OLYMPIA – Aug. 16, 2016 – The Washington Department of Revenue (Revenue) is cautioning tax practitioners to be aware of an emerging phishing email scam that pretends to be from tax software providers and tries to trick recipients into clicking on a bogus link.
The email scam is the latest in a series of attempts to trick people into giving up sensitive information such as passwords, Social Security numbers and credit card numbers, or into making unnecessary payments.
In the newest scam, tax professionals are receiving emails pretending to be from tax software companies. The email asks recipients to download and install an important software update via a link included in the email.
Once recipients click on the embedded link, they are directed to a website prompting them to download a file that appears to be an update of their software package. The file has a naming convention that uses the actual name of their software, followed by an “.exe extension.”
Upon completion, tax professionals believe they have downloaded a software update when in fact they have loaded a program designed to track the tax professional’s key strokes, which is a common tactic used by cyber thieves to steal login information, passwords and other sensitive data.
Tax professionals are encouraged to be on the lookout for these scams and never to click on unexpected links in emails. Similar email schemes using tax software names have targeted individual taxpayers.
To protect their businesses from phishing schemes, tax preparers should take the following steps:
Be alert for phishing scams. Do not click on links or open attachments in e-mails, and always use a software provider’s main webpage for connecting to them.
Run a security “deep scan” to search for viruses and malware.

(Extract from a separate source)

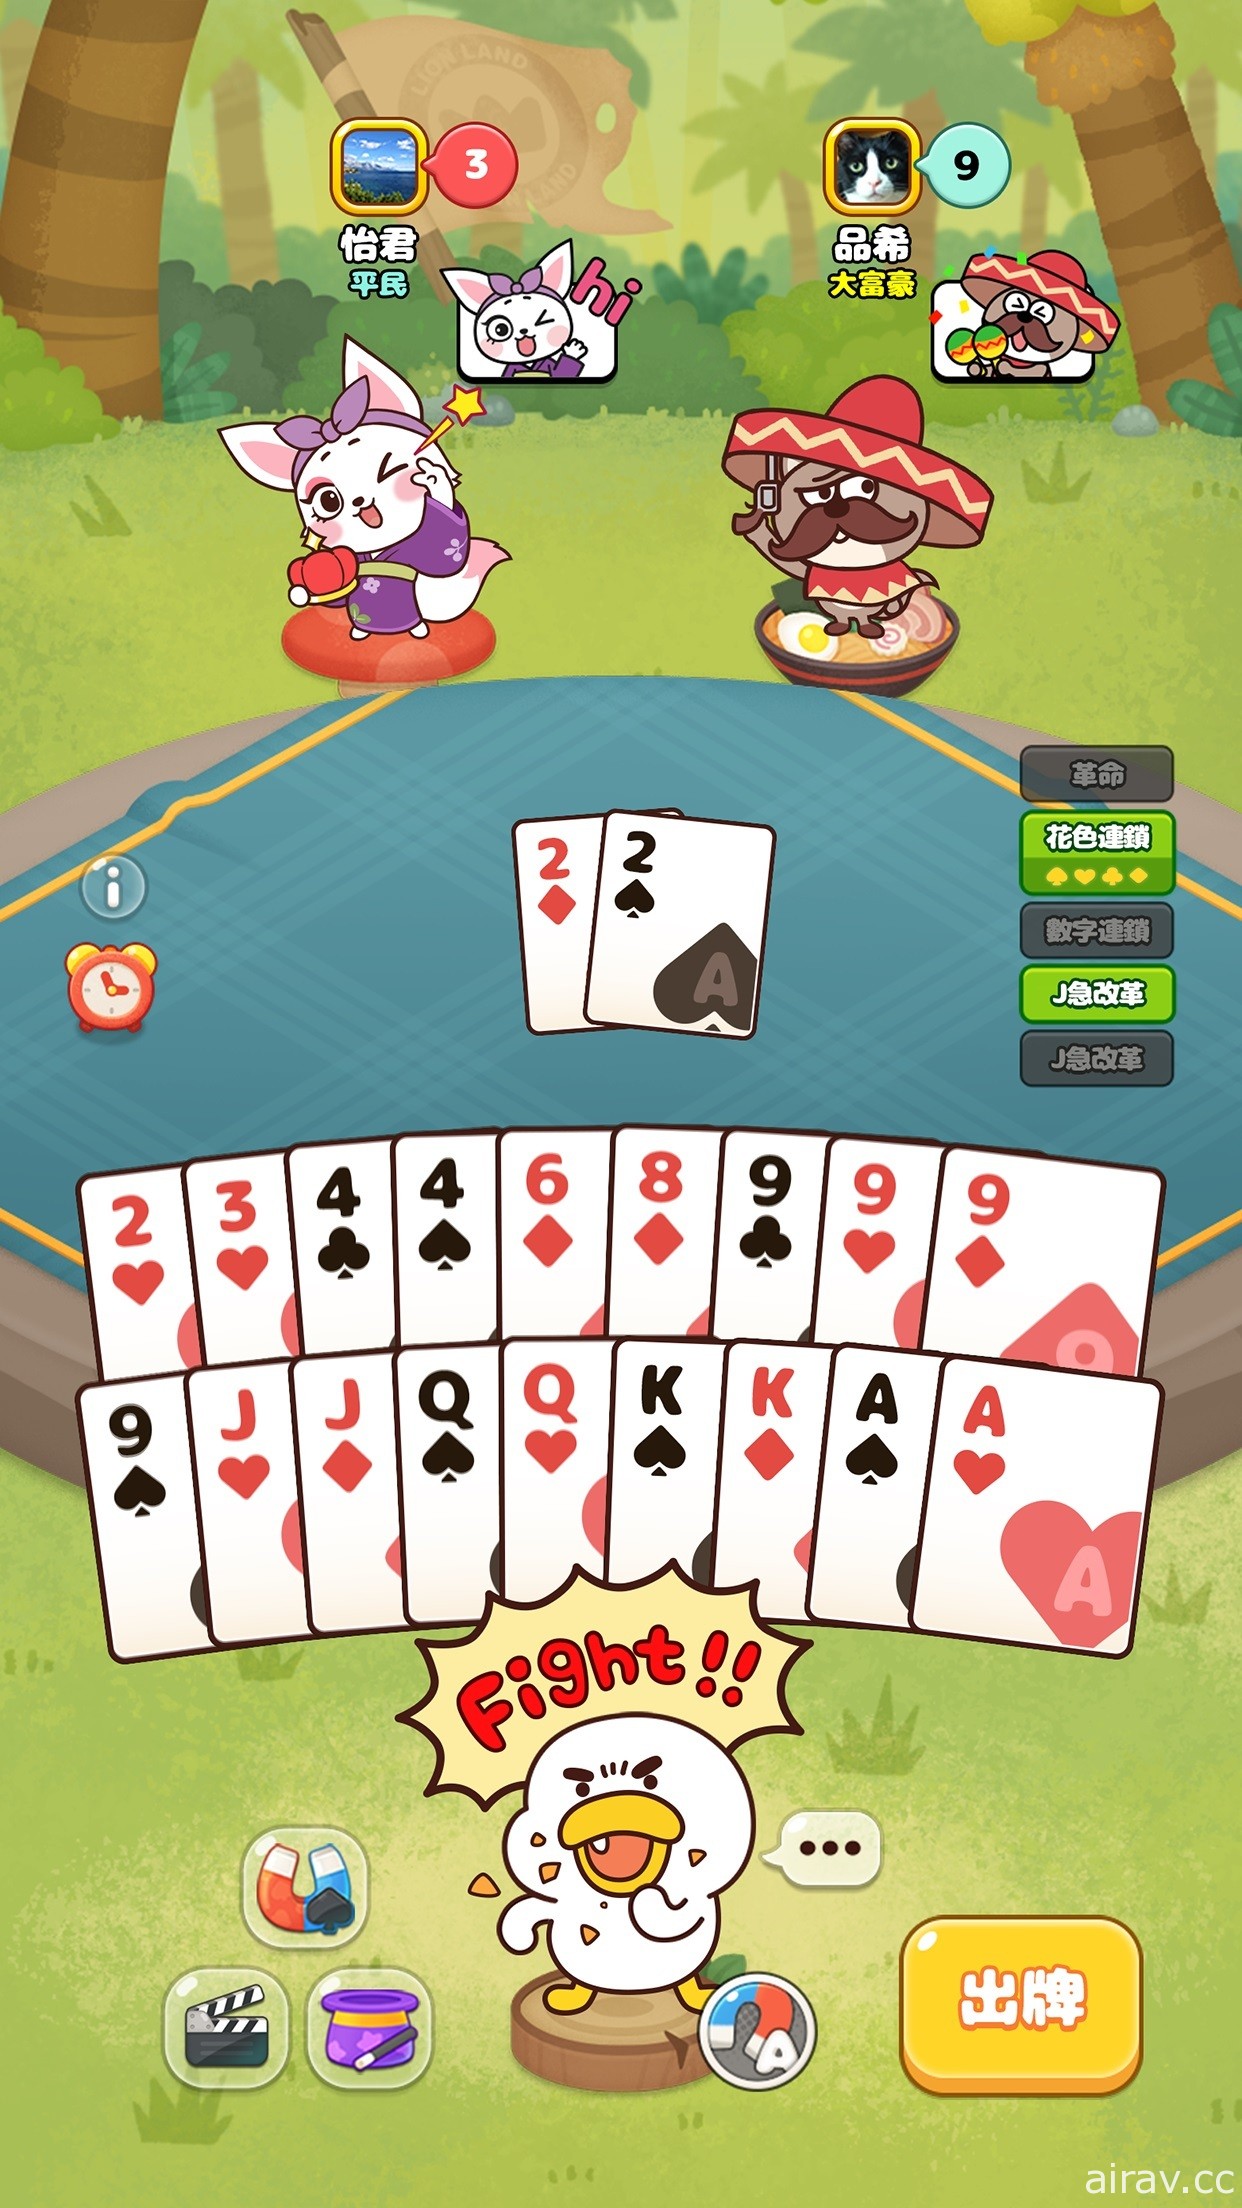 卡牌游戏《LINE 动物大富豪》宣布将于 5 月 31 日结束营运

Strengthen passwords for both computer access and software access; make sure your password is a minimum of eight digits long (more is better) with a mix of numbers, letters and special characters.
Educate employees about the dangers of phishing scams in the form of emails, texts and calls;
Review any software that your employees use to remotely access your network or your IT support vendor uses to remotely troubleshoot technical problems and support your systems. Remote access software is a potential target for bad actors to gain entry and take control of a machine.
Tax professionals should review Publication 4557, “Safeguarding Taxpayer Data, A Guide for Your Business,” which provides a checklist to help safeguard taxpayer information and enhance office security.